• **Work instructions**
Each line of the data must reappear exactly in your answer, with no images included.

• **Source material**

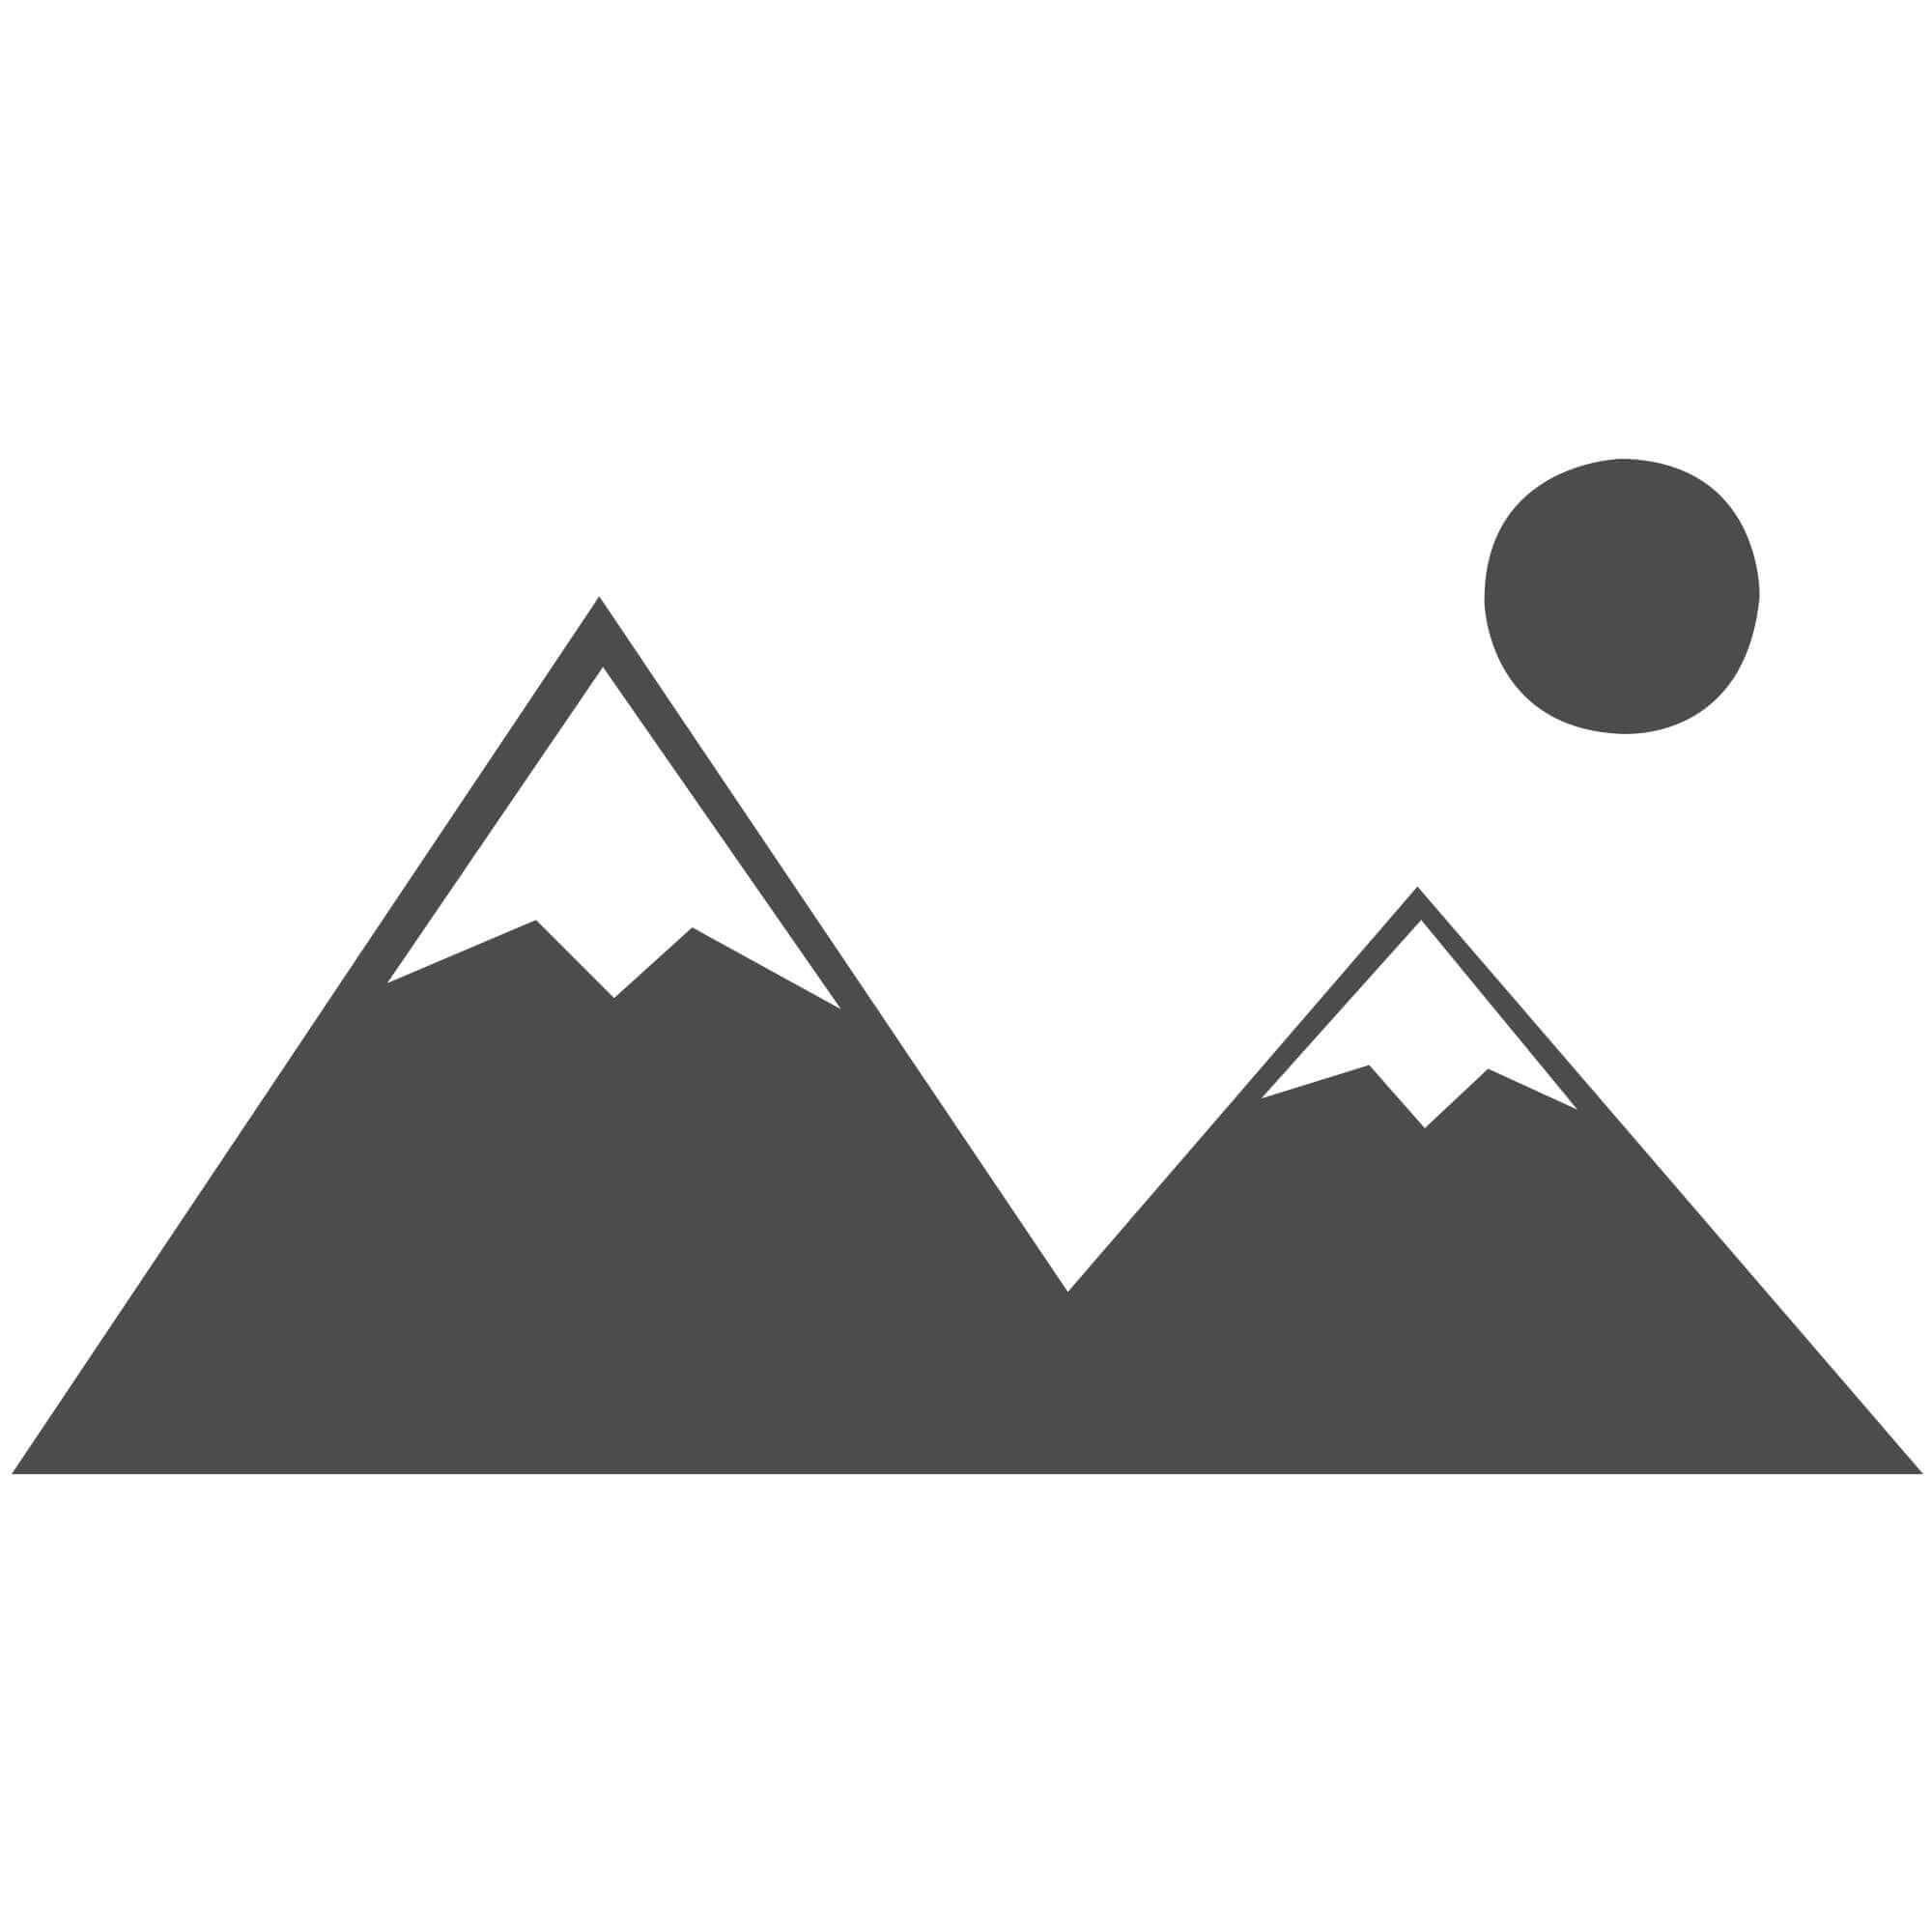 "Serenity Super-Soft Shaggy - Silver - Size 120 x 170 cm (4' x 5'7"")"
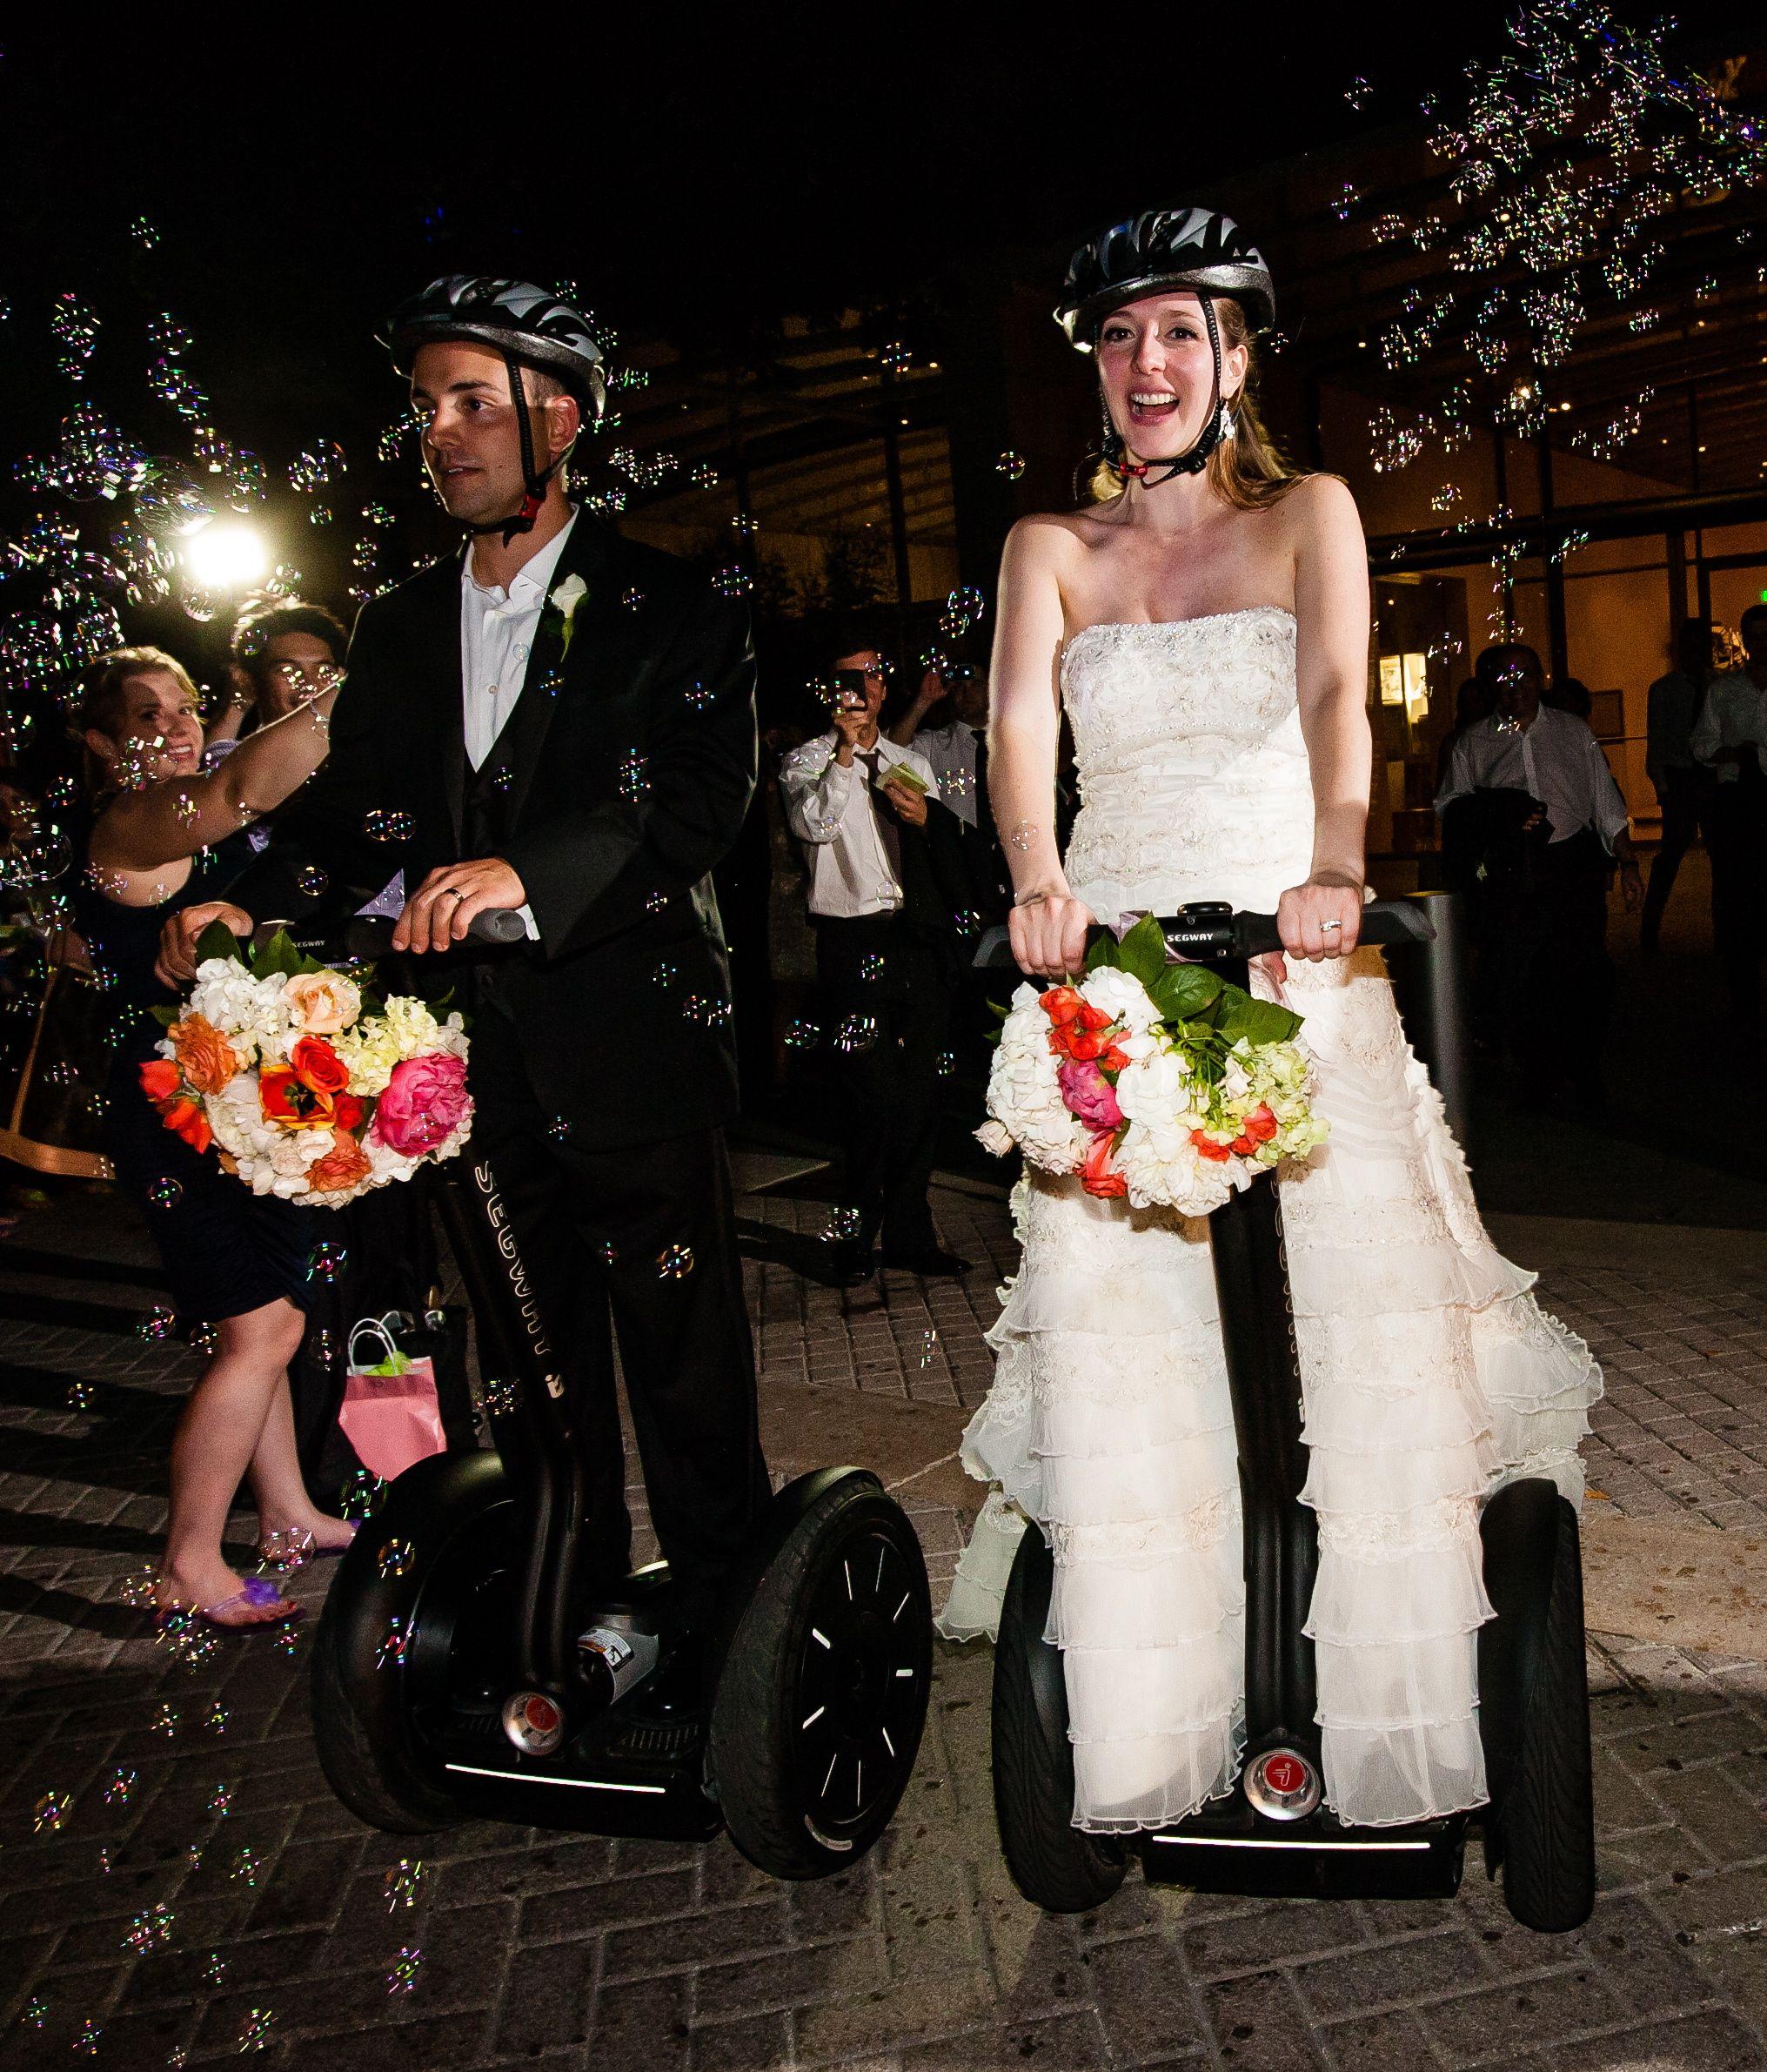 Segway wedding
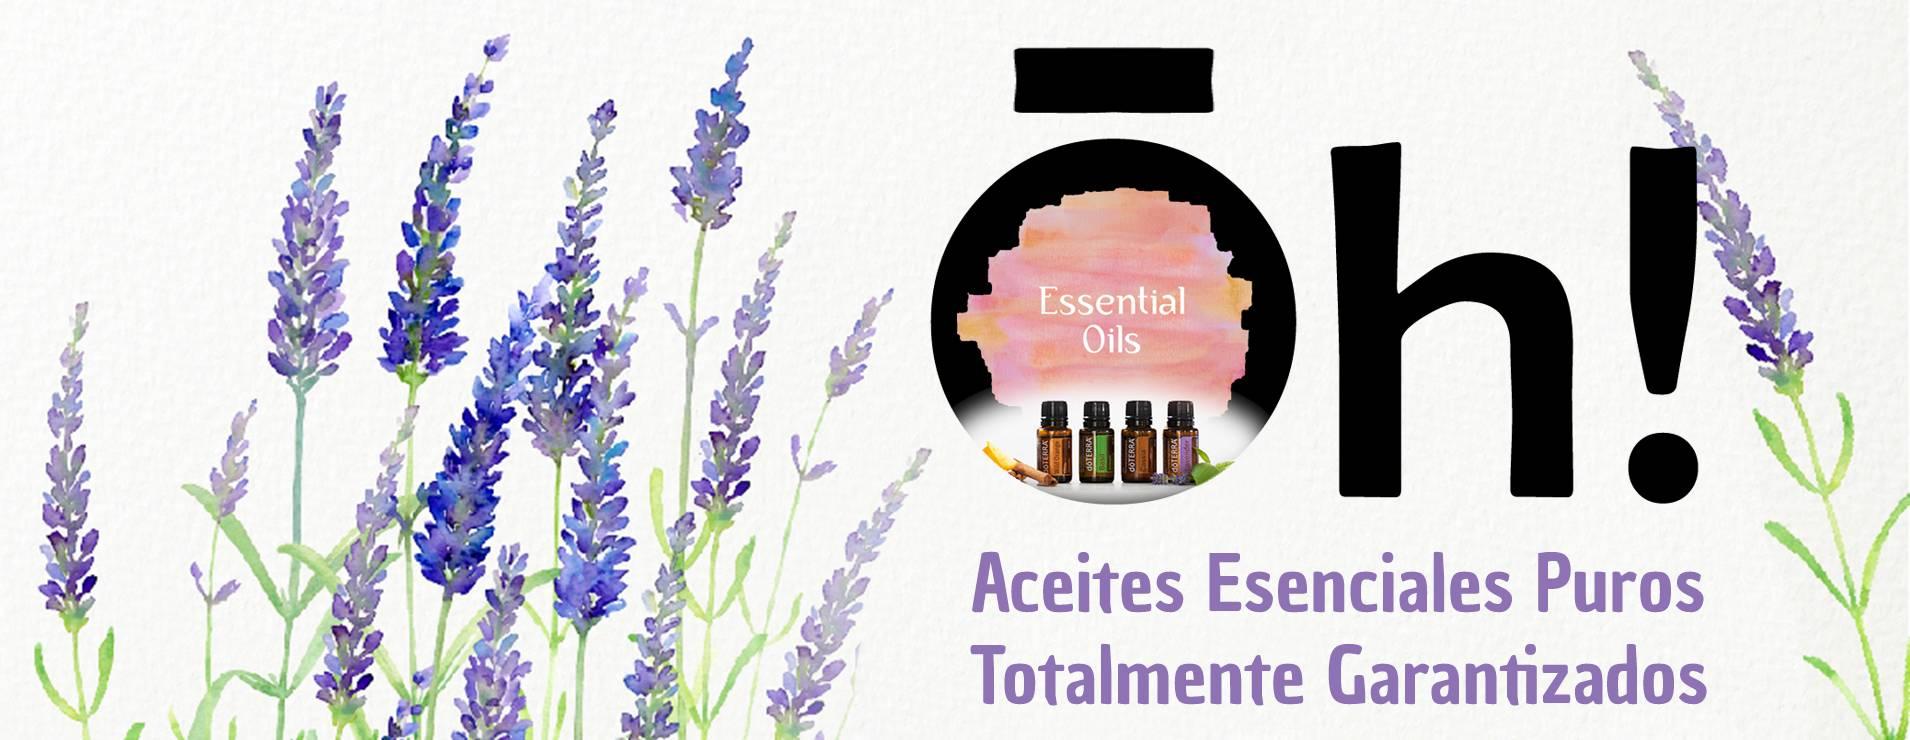 OH Aceites Esenciales Puros Totalmente Garantizados

• **Reply**
 "Serenity Super-Soft Shaggy - Silver - Size 120 x 170 cm (4' x 5'7"")"
 Segway wedding
 OH Aceites Esenciales Puros Totalmente Garantizados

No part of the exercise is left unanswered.